English composer Benjamin Britten was commissioned to mark the consecration of the rebuilt Coventry Cathedral in 1962 (after the original was destroyed during World War II). The result is his War Requiem, a work juxtaposing the traditional Latin Mass for the Dead with poetry written by World War I casualty Wilfred Owen. Killed in action in 1918, Owen has become revered as a war poet of note whose work touches upon the horrors experienced in the trenches. He delivered stories of nightmare and death, of despair and anguish with a realism to express what was happening removed from outsider rhetoric. So it’s hardly surprising that director Derek Jarman would begin his cinematic adaptation of Britten’s oratorio with Owen’s “Strange Meeting”, a poem about escape and forgiving the unforgivable.

This specific piece speaks about a soldier’s journey to the underworld to be free of the battlefield only to meet the enemy combatant he killed the day before and realize his actions can never be forgotten. One could look upon Jarman’s film as the manifestation of a communal post-traumatic stress disorder shared by those who fought the war and those who witnessed the atrocities back home. Decca Records, who owned the rights to Britten’s piece, required that it be heard in full without the distraction of sound effects, voices, or ambient noise from the footage shot. So we listen to this beautiful lament as images of early hope and promise devolve into surreal depictions of truth steeped in religion, love, and mourning. We watch as painful memories unfold.
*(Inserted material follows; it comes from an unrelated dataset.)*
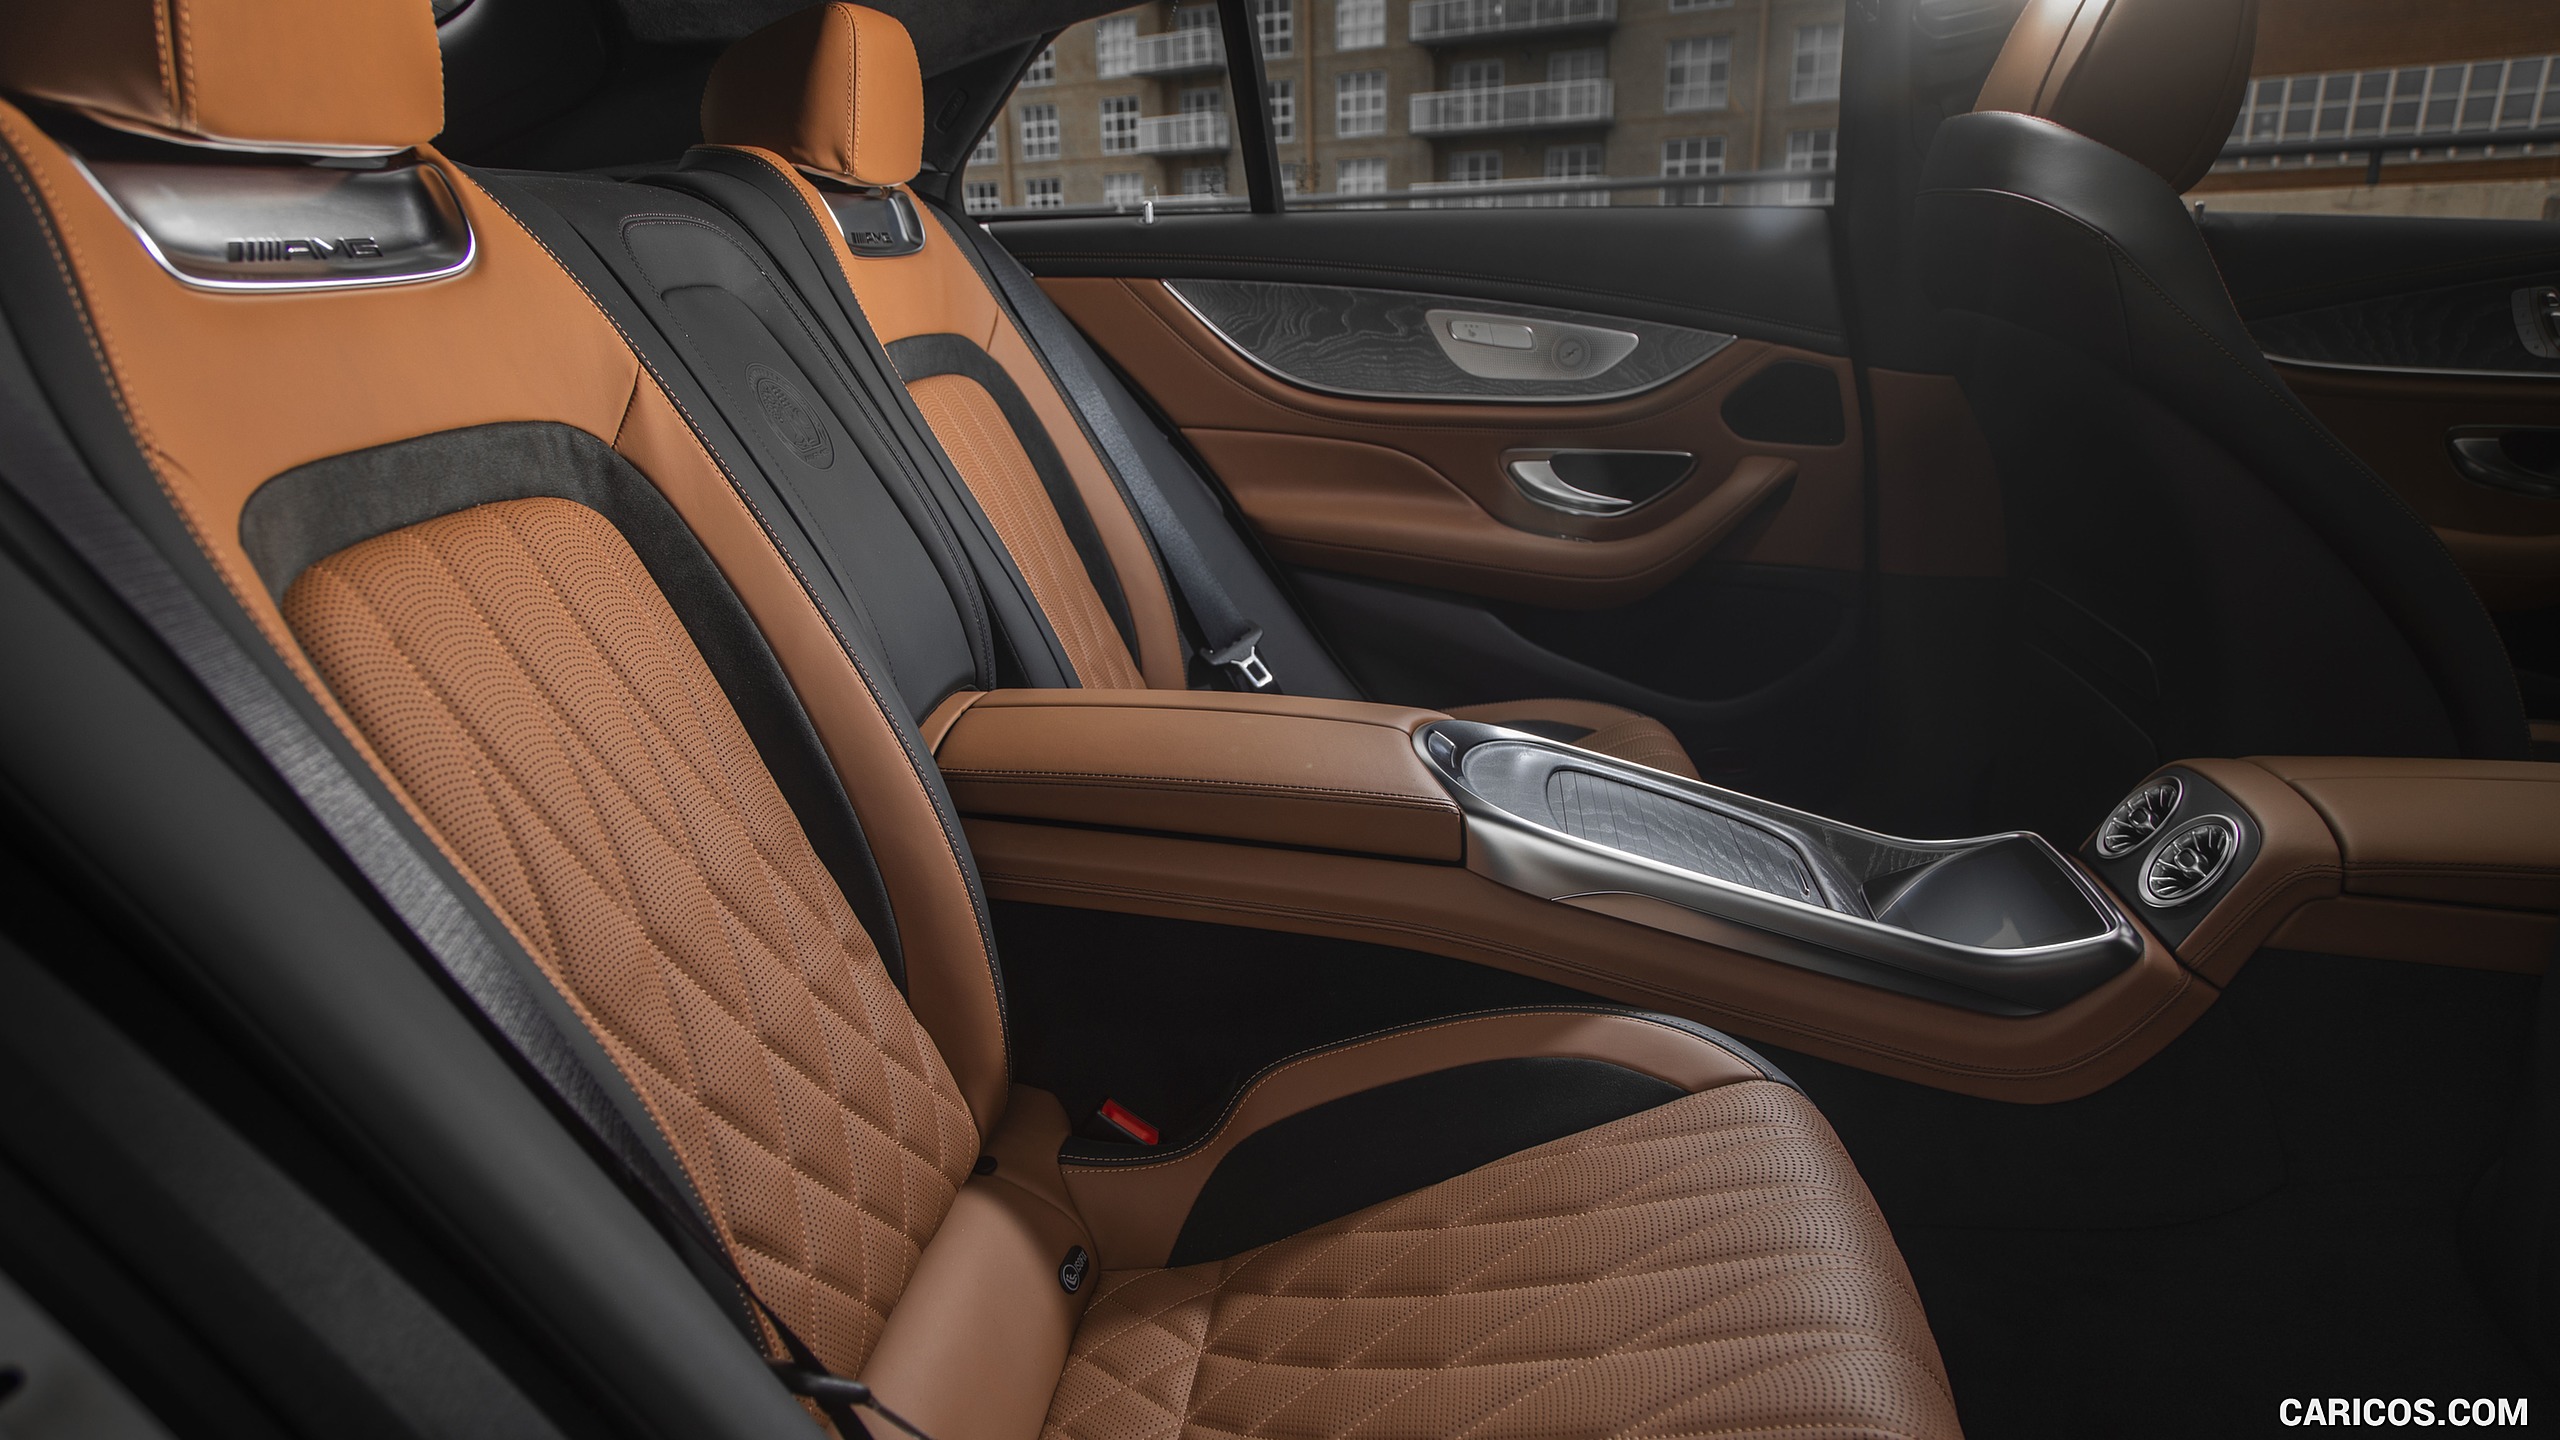 2019 Mercedes-AMG GT 53 4-Door Coupe (US-Spec) - Interior, Rear Seats, #366 of 427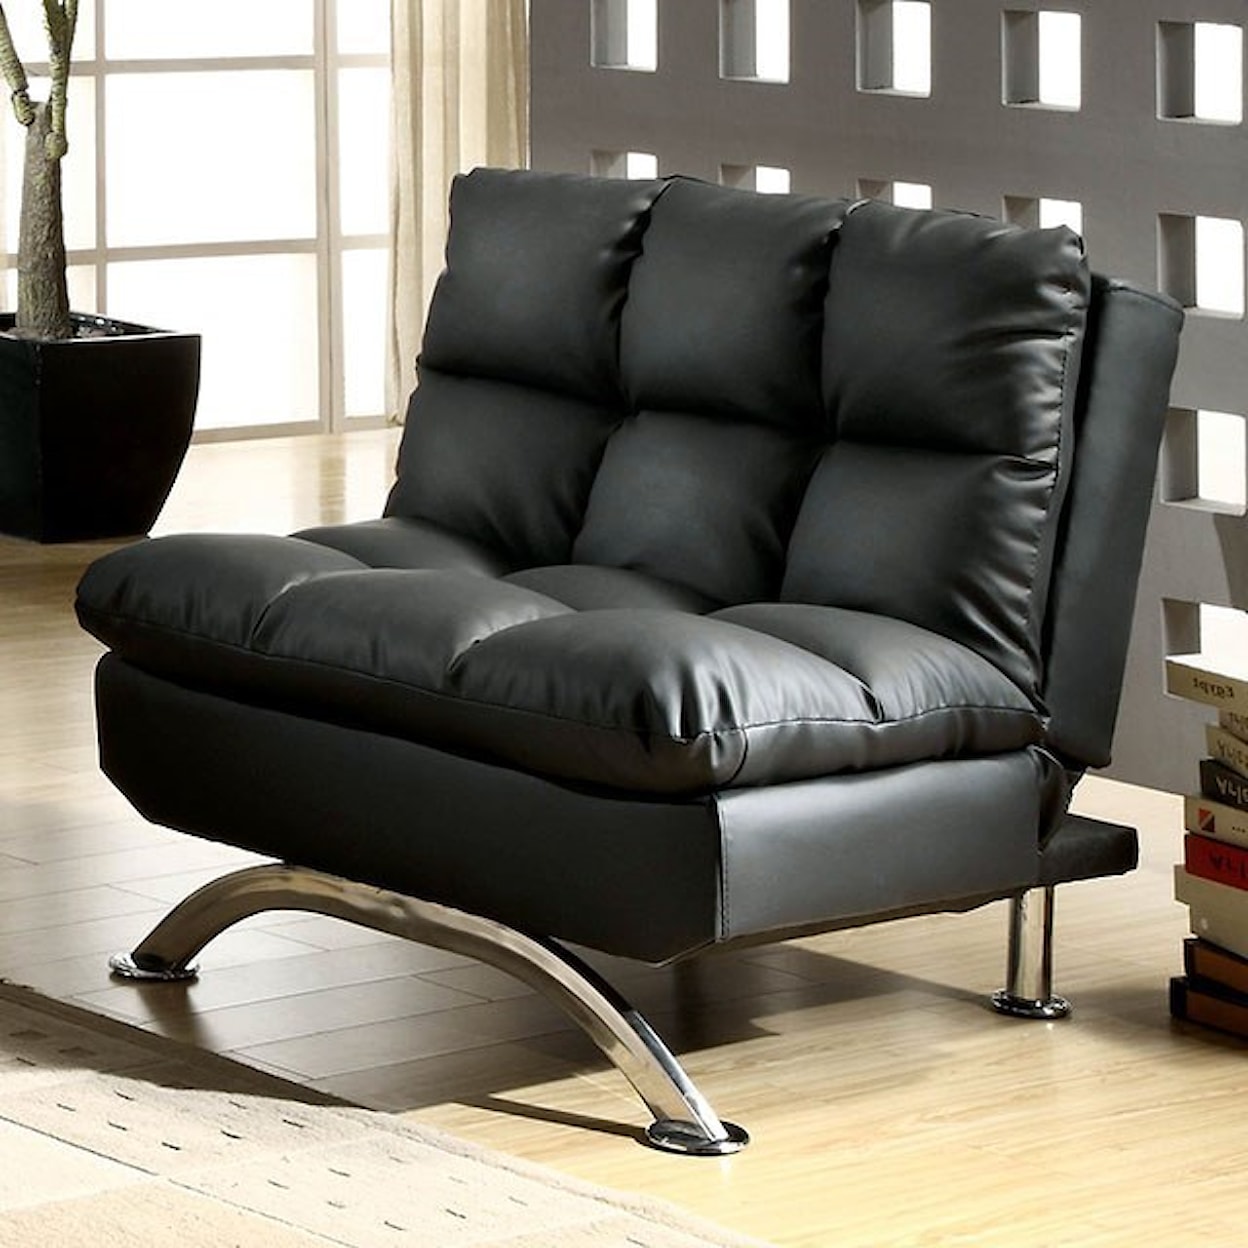 Furniture of America Aristo Chair

Sometimes those recollections are concrete with actions taken by a young nurse (Tilda Swinton) and her soldier beau (Nathaniel Parker‘s Owen) playing out with a sense of naturalism. And other times they’re abstract moving paintings of fire or water, archival footage of war mixed with fantastical, dark displays of raw psychological anguish. The whole may begin with an old soldier (Laurence Olivier in his final role) caught in reverie, but what follows can either be an account of his specific life or one of universal life where his survivor’s inability to forget simply serves as our entry point. After all, Swinton is his nurse before the nurse of the past. She’s by his side first, screaming over Owen’s dead body next, and finally an angel of death/rebirth herself.

Joy is replaced by futility and then the reverse and back again. We see the bright sky of calm replaced by bombs of chaos, the serenity of a lifeless corpse against the animated shrieks of pain above it. There’s a simple life between man and wife before war tears them apart and then the regimented and safe process of training to steel one’s self to forthcoming violence. We watch Swinton’s nurse comfort fallen men and those men strewn in piles for others to pick clean. And we see the internal war of fear, humanity, and regret when an enemy puts down his rifle to briefly remember what it’s like to have fun before getting killed for his trouble. The meeting of two strangers can never be innocent again.

Jarman includes a ton of motifs from a flickering candle extinguishing to move the story forward, a muddy bugle horn signifying the loss of its owner, and religious overtones from crowns of thorns to rows of crucifixes. It’s a visual poem to match the melody of Britten and the inspiration of Owen, the beats moving from reenactment to real life as the nightmare becomes too much to endure. We see Parker walking alone through a dark tunnel with candle in hand, Swinton covered in blood, Owen Teale dead and then alive to carry the body of the man responsible for his death, and Sean Bean as a German soldier coming to grips with the hopelessness of his fight. And newsreel montages force us to see the carnage firsthand.

It’s not the easiest film to experience from its lack of dialogue to its experimental construction. The adaptation of Owen’s poetry without words makes it difficult to parse what’s connected and what’s not—if anything at all—for someone unfamiliar with the work like me. But even if I couldn’t tell whether actors were playing multiple characters or if anything onscreen occurred outside of their evenings of restless slumber, you cannot escape the feeling of torment the imagery supplies. This is war as seen through the eyes of the dead; an unyielding battle that will ultimately take the soul of everyone involved whether they are alive at the end or not. It depicts a time when soldiers personally witnessed the cost of victory, a time we’ve left behind.